At the end of the first day, it feels like the show will last forever. By mid-show we’re exhausted and sometimes counting the hours until it is done. Then suddenly it IS done. The lights go dim and it is time for us to take apart the store we built. The dealer hall that took two days to carefully construct is torn down and vanishes in mere hours. We’re back to bare concrete with pallets, packing cases, and the constant beep and roar of forklifts.
Sunday evening is full of farewells. We had the full crew dinner on Wednesday night with our extended Gen Con Family, current booth crew plus the people who crewed for us for ten years. I was so glad to see friends I hadn’t hugged since before the pandemic. Sunday evening was a smaller crew dinner, just the exhausted few who were staying at the hotel with us and all departing in the morning.
After the show, there were two very long days of driving. We did a lot less chattering during the drive home. And we did a lot more stopping because the four of us (Howard, me, our daughter, and son-in-law who booth crewed for us this year) all picked up Pokemon Go again.

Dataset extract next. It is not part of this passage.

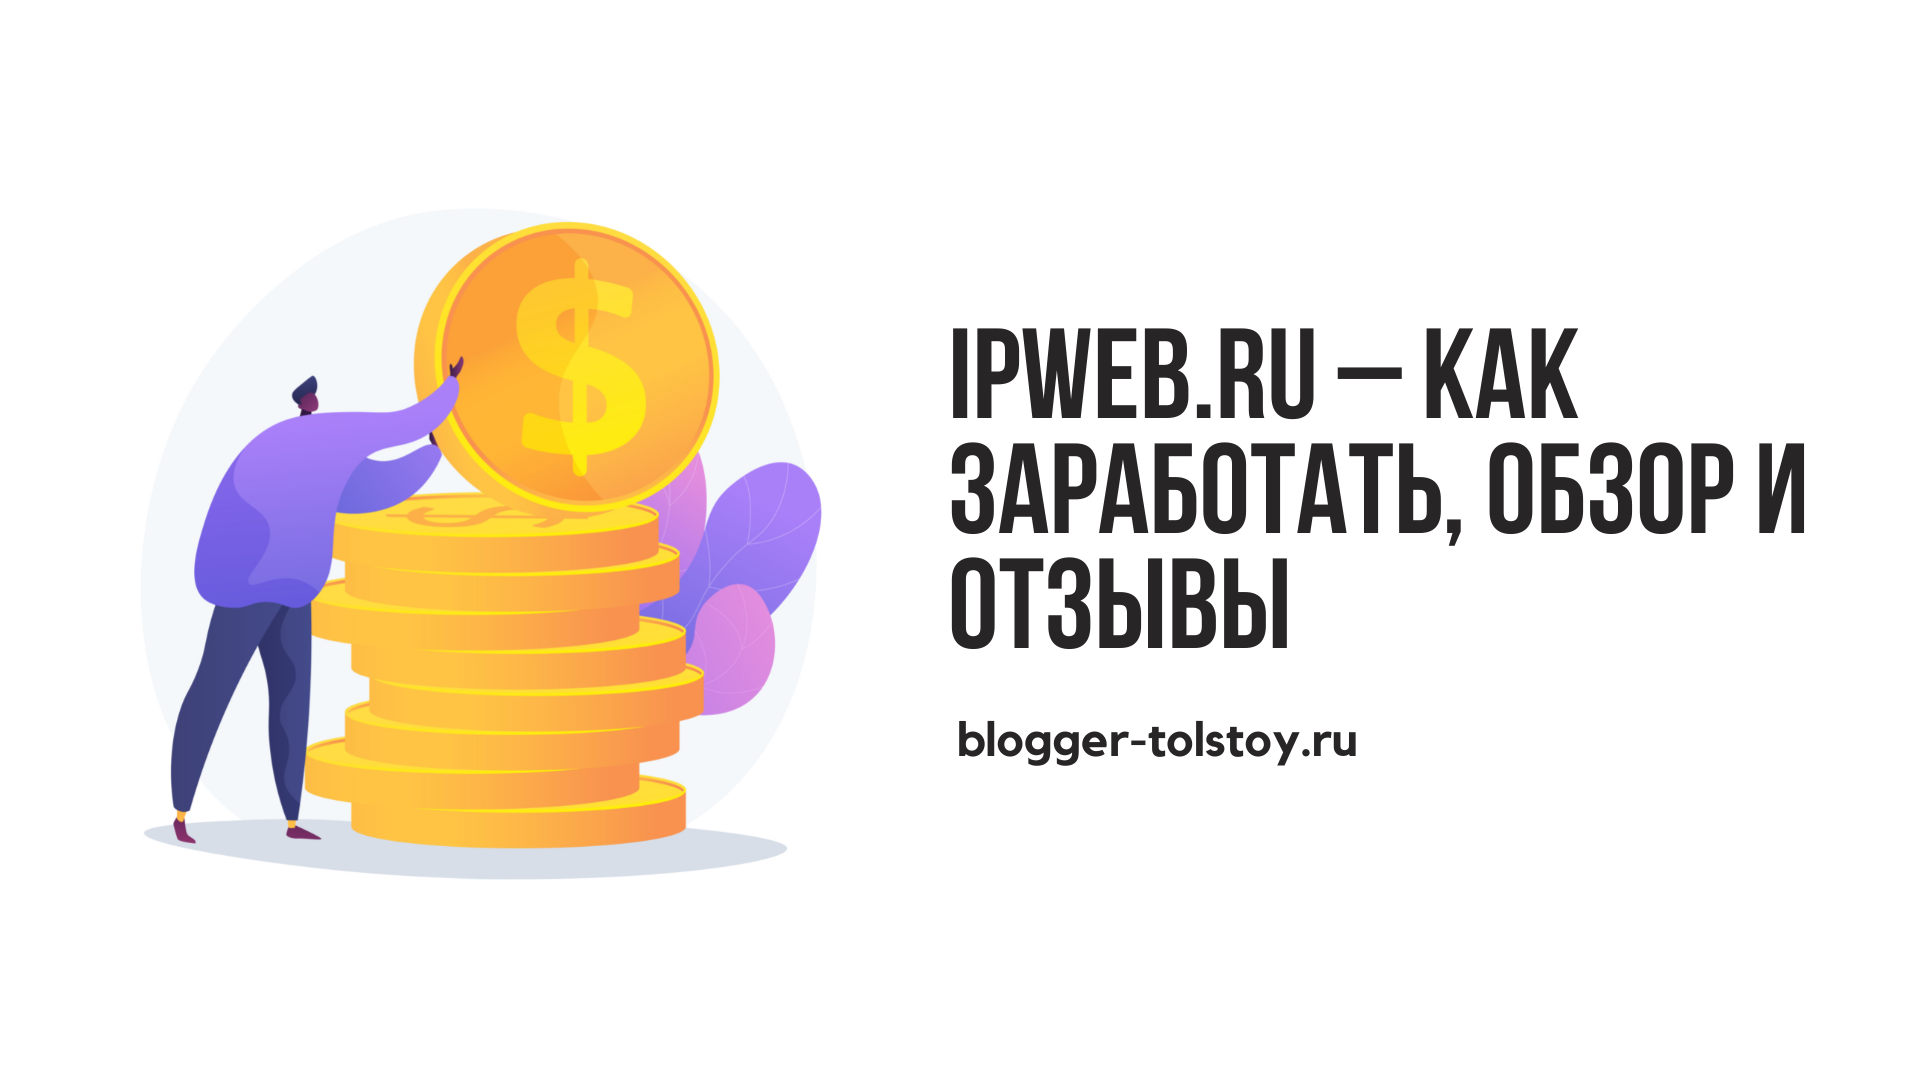 Превью к статье о IPweb.ru

We scattered pokemon at gyms all down I-80.
After the driving there was the unpacking, and the remembering what normal life feels like, and the collapsing in a heap. Today, a full week after the final day of the show, I am beginning to feel more normal. Just in time to dive head first into launching a Kickstarter next week.

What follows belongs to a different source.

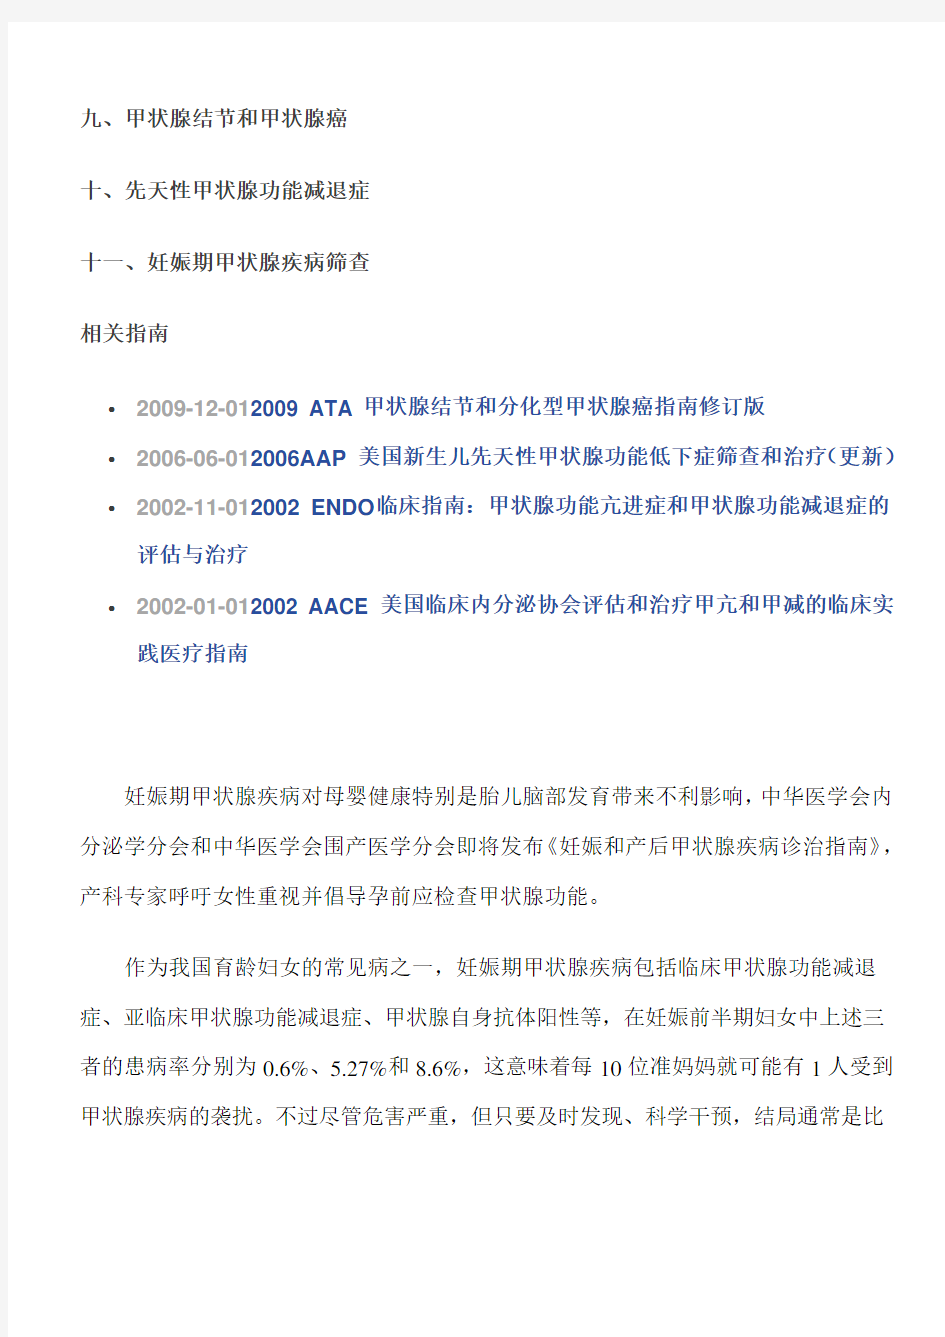 2012-妊娠和产后甲状腺疾病诊治指南(中国)

Gen Con was lovely. I’m still sorting thoughts, making notes, doing accounting, and planning ahead because we’ll do all of this again next year.
Good writeup. Nice Brigadoon reference. I was comparing to Disney World while I was there this year, especially with the Lorcana pre-release booming at Ravensberger. As always, I enjoyed saying hello to you all. I smiled when your daughter quickly stopped giving me her Schlock introduction speech because she noticed the Schlock T-Shirt I was wearing. That’s when I got the Tagon’s Toughs ribbon from her. Back home, my friend is pleased with Massively Parallel and Schlock saying “Hi, Brian!” that Howard drew in the back.
Thank you so much for stopping by! Having long-time readers stop by our booth is a big highlight for us. And yes the Lorcana energy was pretty wild.